> What you need to do: Each line below from the "历史的瞬间 ——新华社 声在中国" line through the "Thanh đấu nối" line, those two included, must be restated word for word; the pictures must not be.

> Data for processing:
== == ==
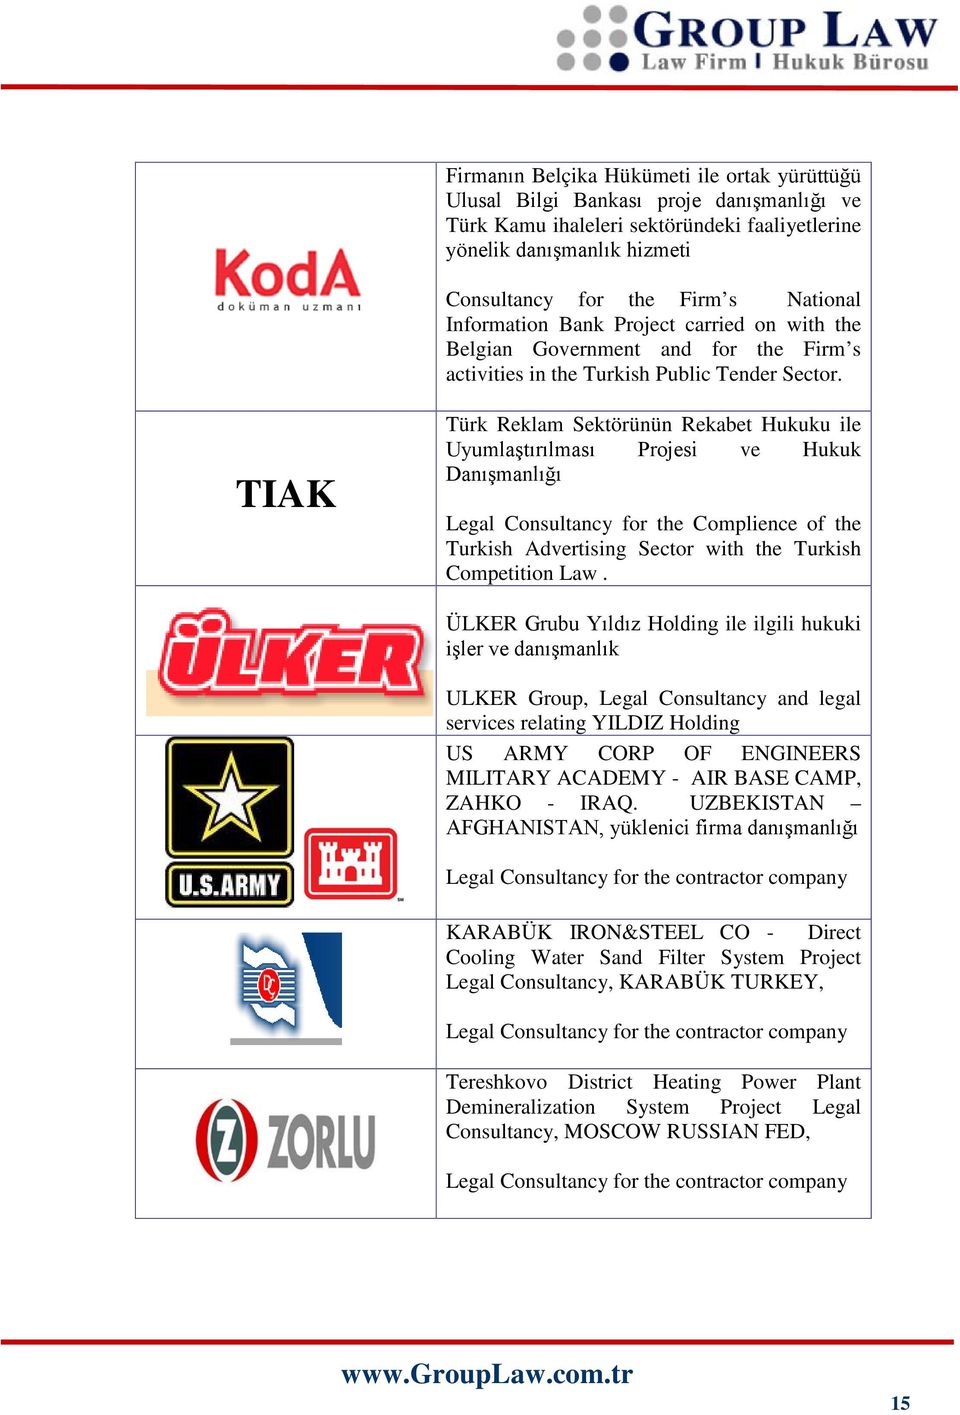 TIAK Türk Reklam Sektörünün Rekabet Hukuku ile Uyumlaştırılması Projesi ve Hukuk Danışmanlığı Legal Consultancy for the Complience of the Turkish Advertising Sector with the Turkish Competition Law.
== == ==
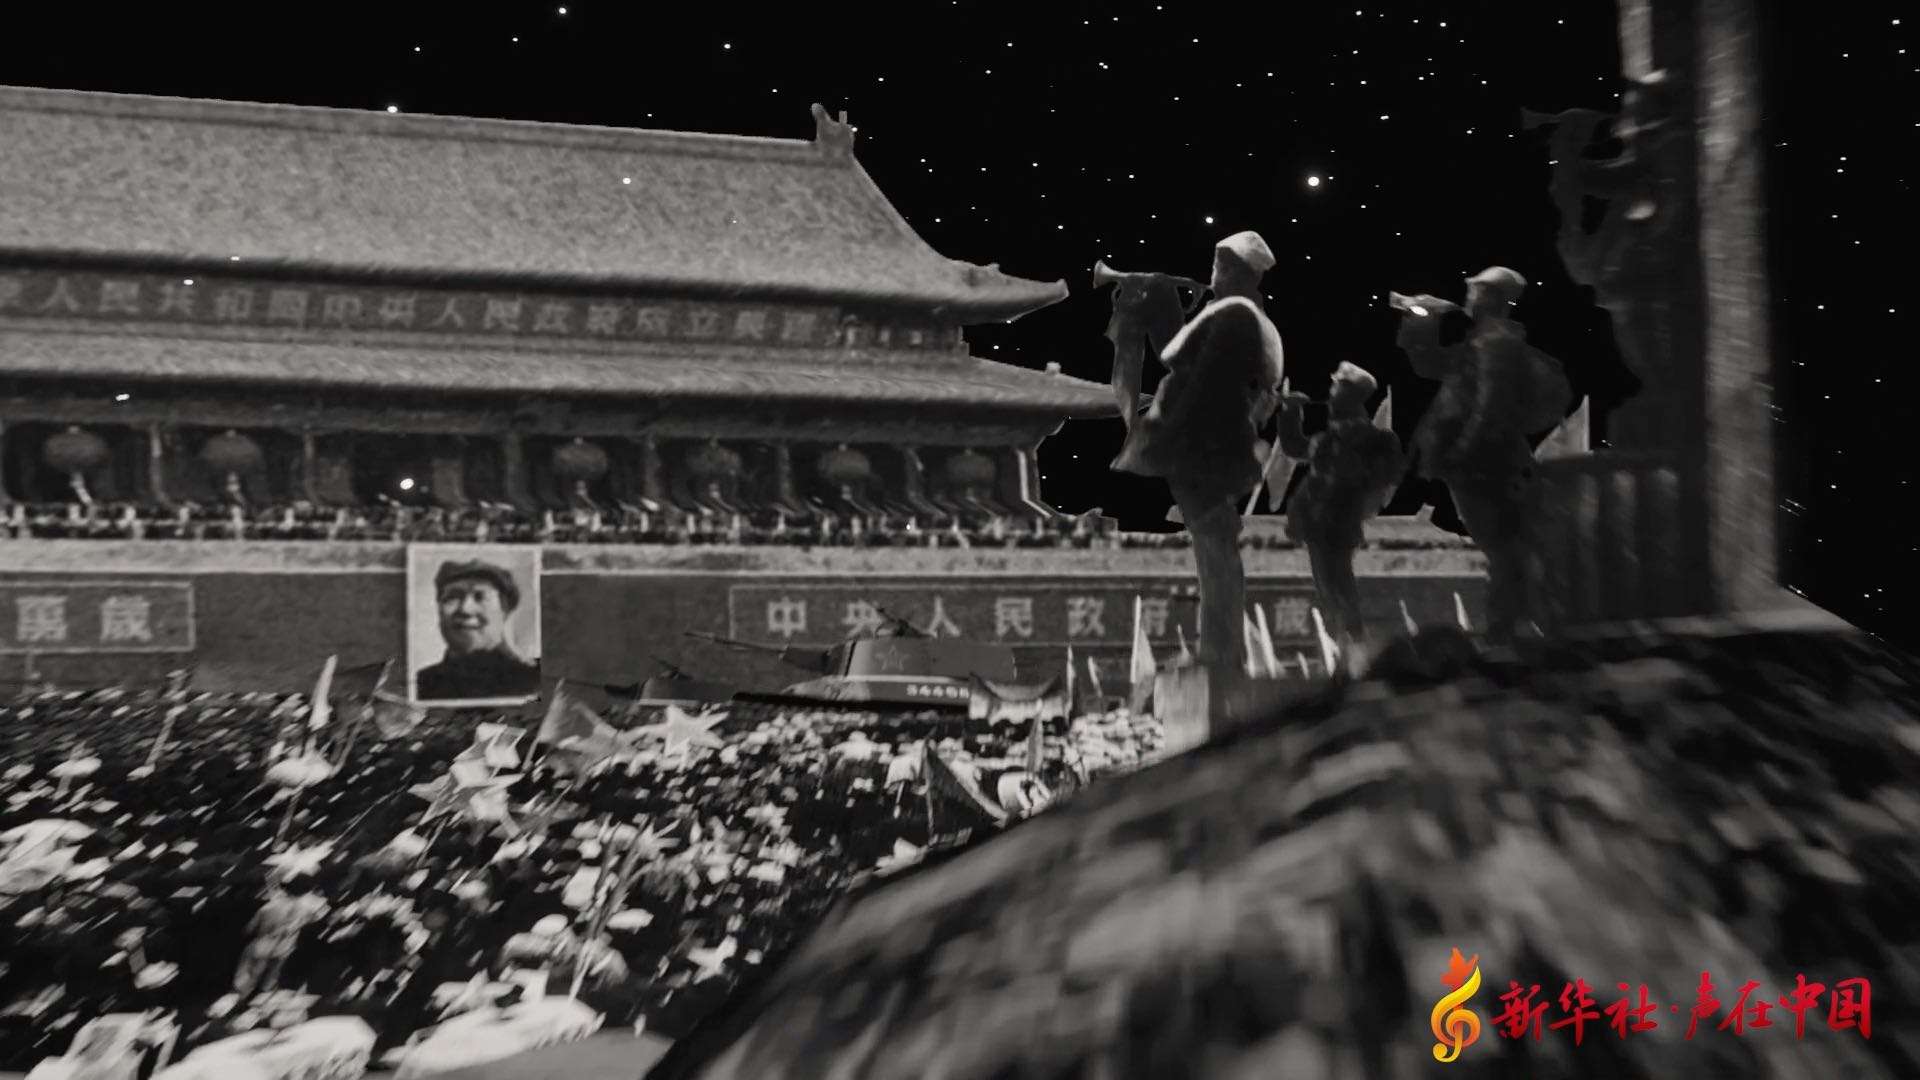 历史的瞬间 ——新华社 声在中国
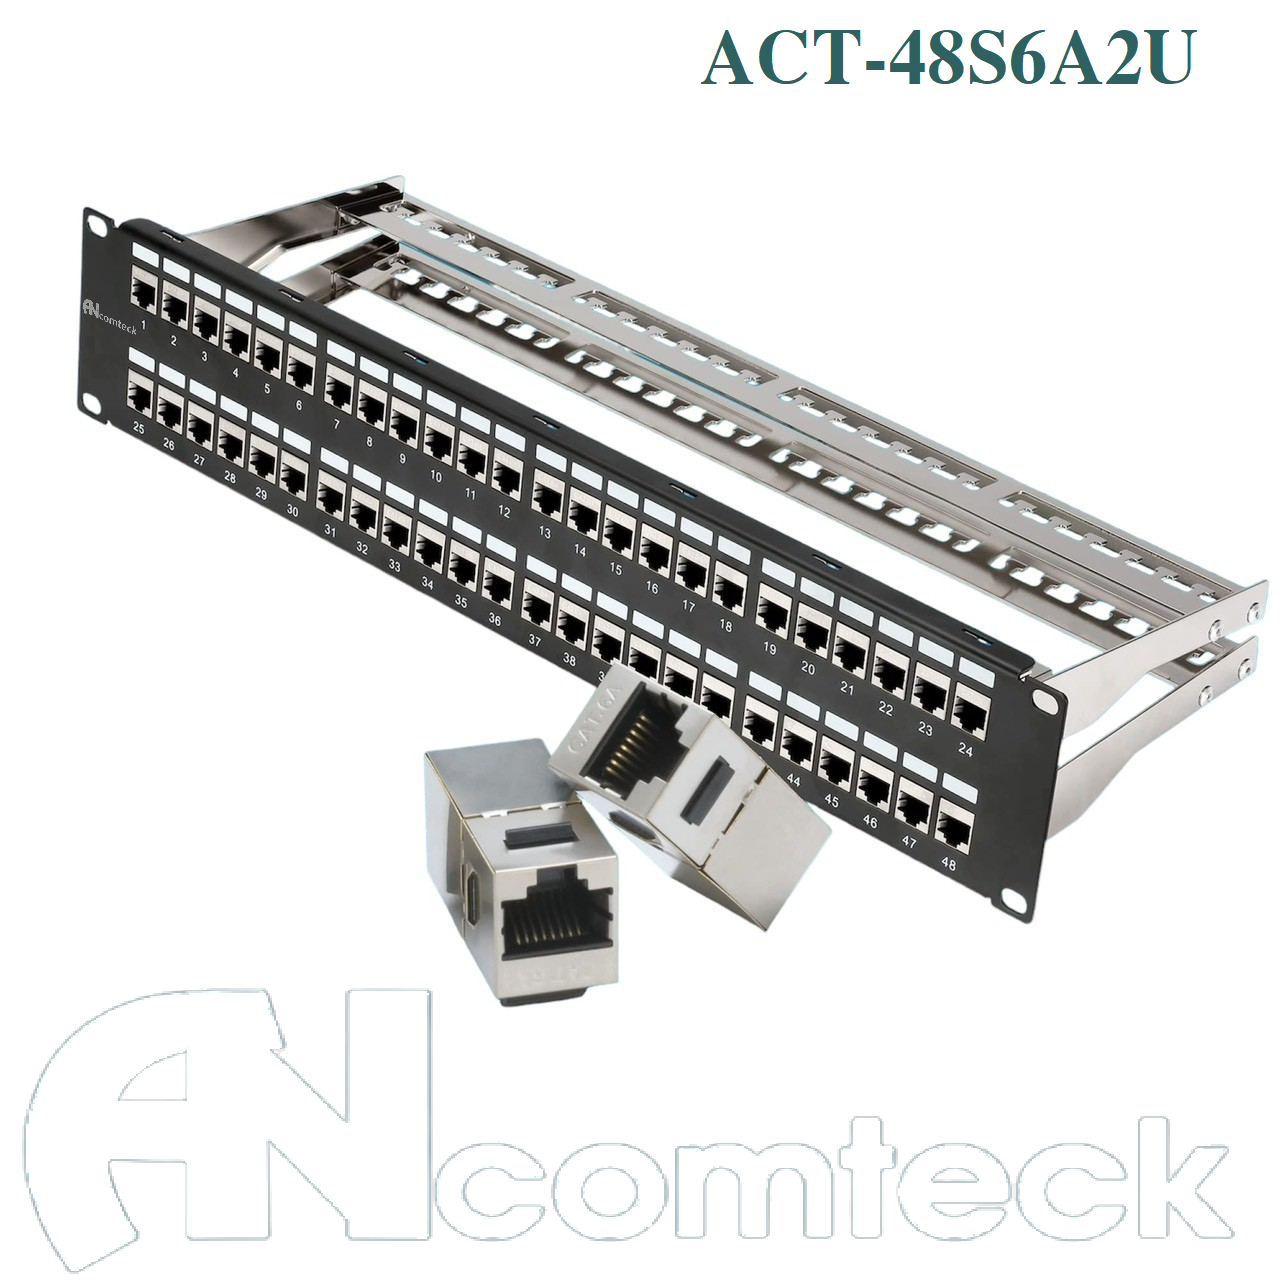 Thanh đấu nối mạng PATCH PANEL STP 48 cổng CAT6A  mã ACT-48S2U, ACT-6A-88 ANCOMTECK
== == ==
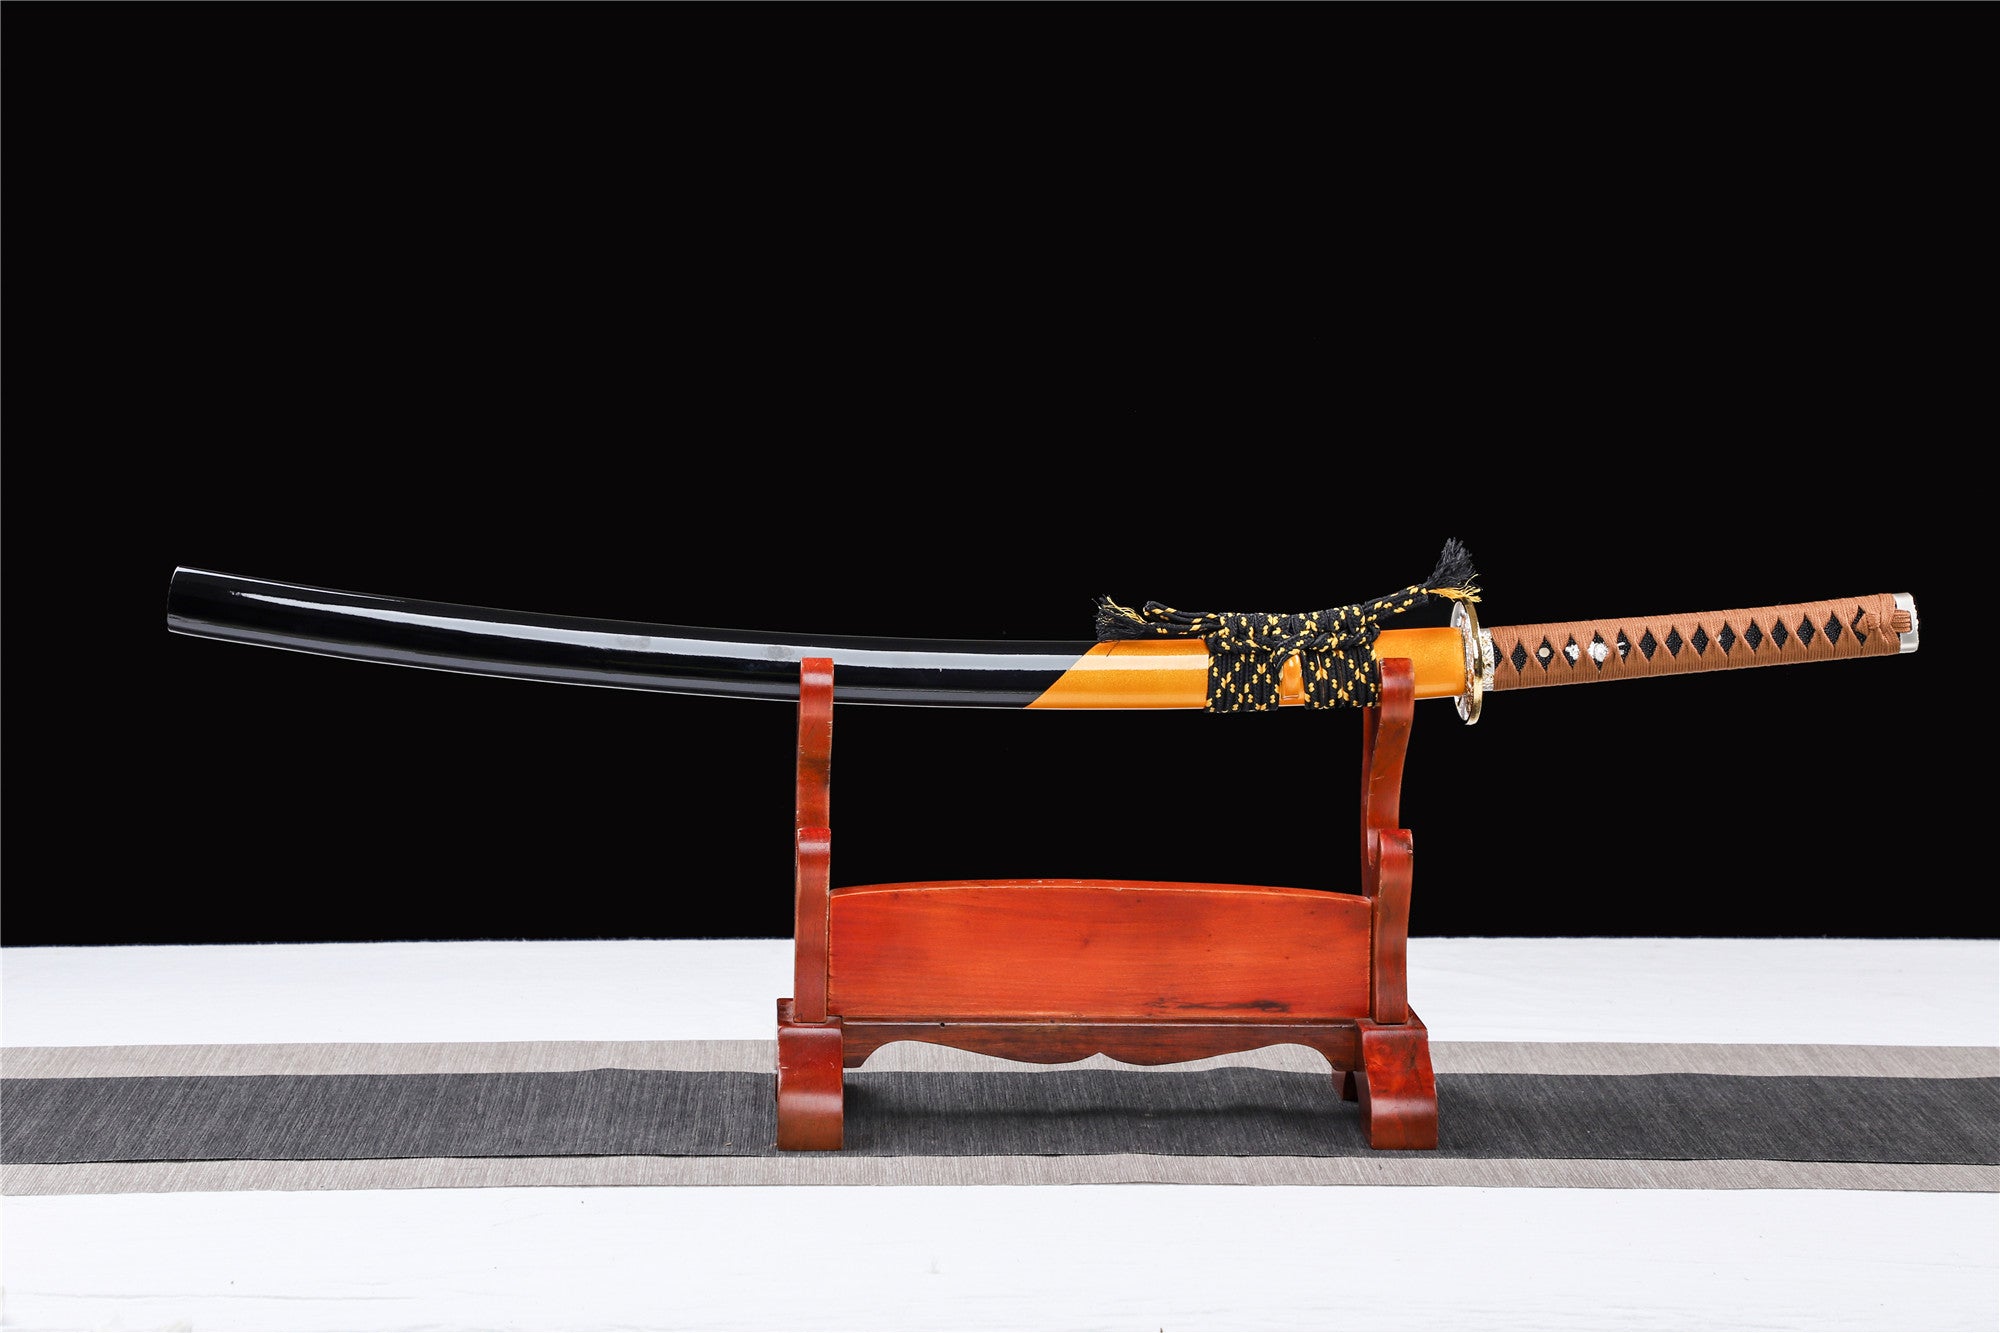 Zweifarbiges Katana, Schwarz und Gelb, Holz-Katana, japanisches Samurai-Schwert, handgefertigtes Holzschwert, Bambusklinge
== == ==
> Response to this task:
 历史的瞬间 ——新华社 声在中国
 Thanh đấu nối mạng PATCH PANEL STP 48 cổng CAT6A  mã ACT-48S2U, ACT-6A-88 ANCOMTECK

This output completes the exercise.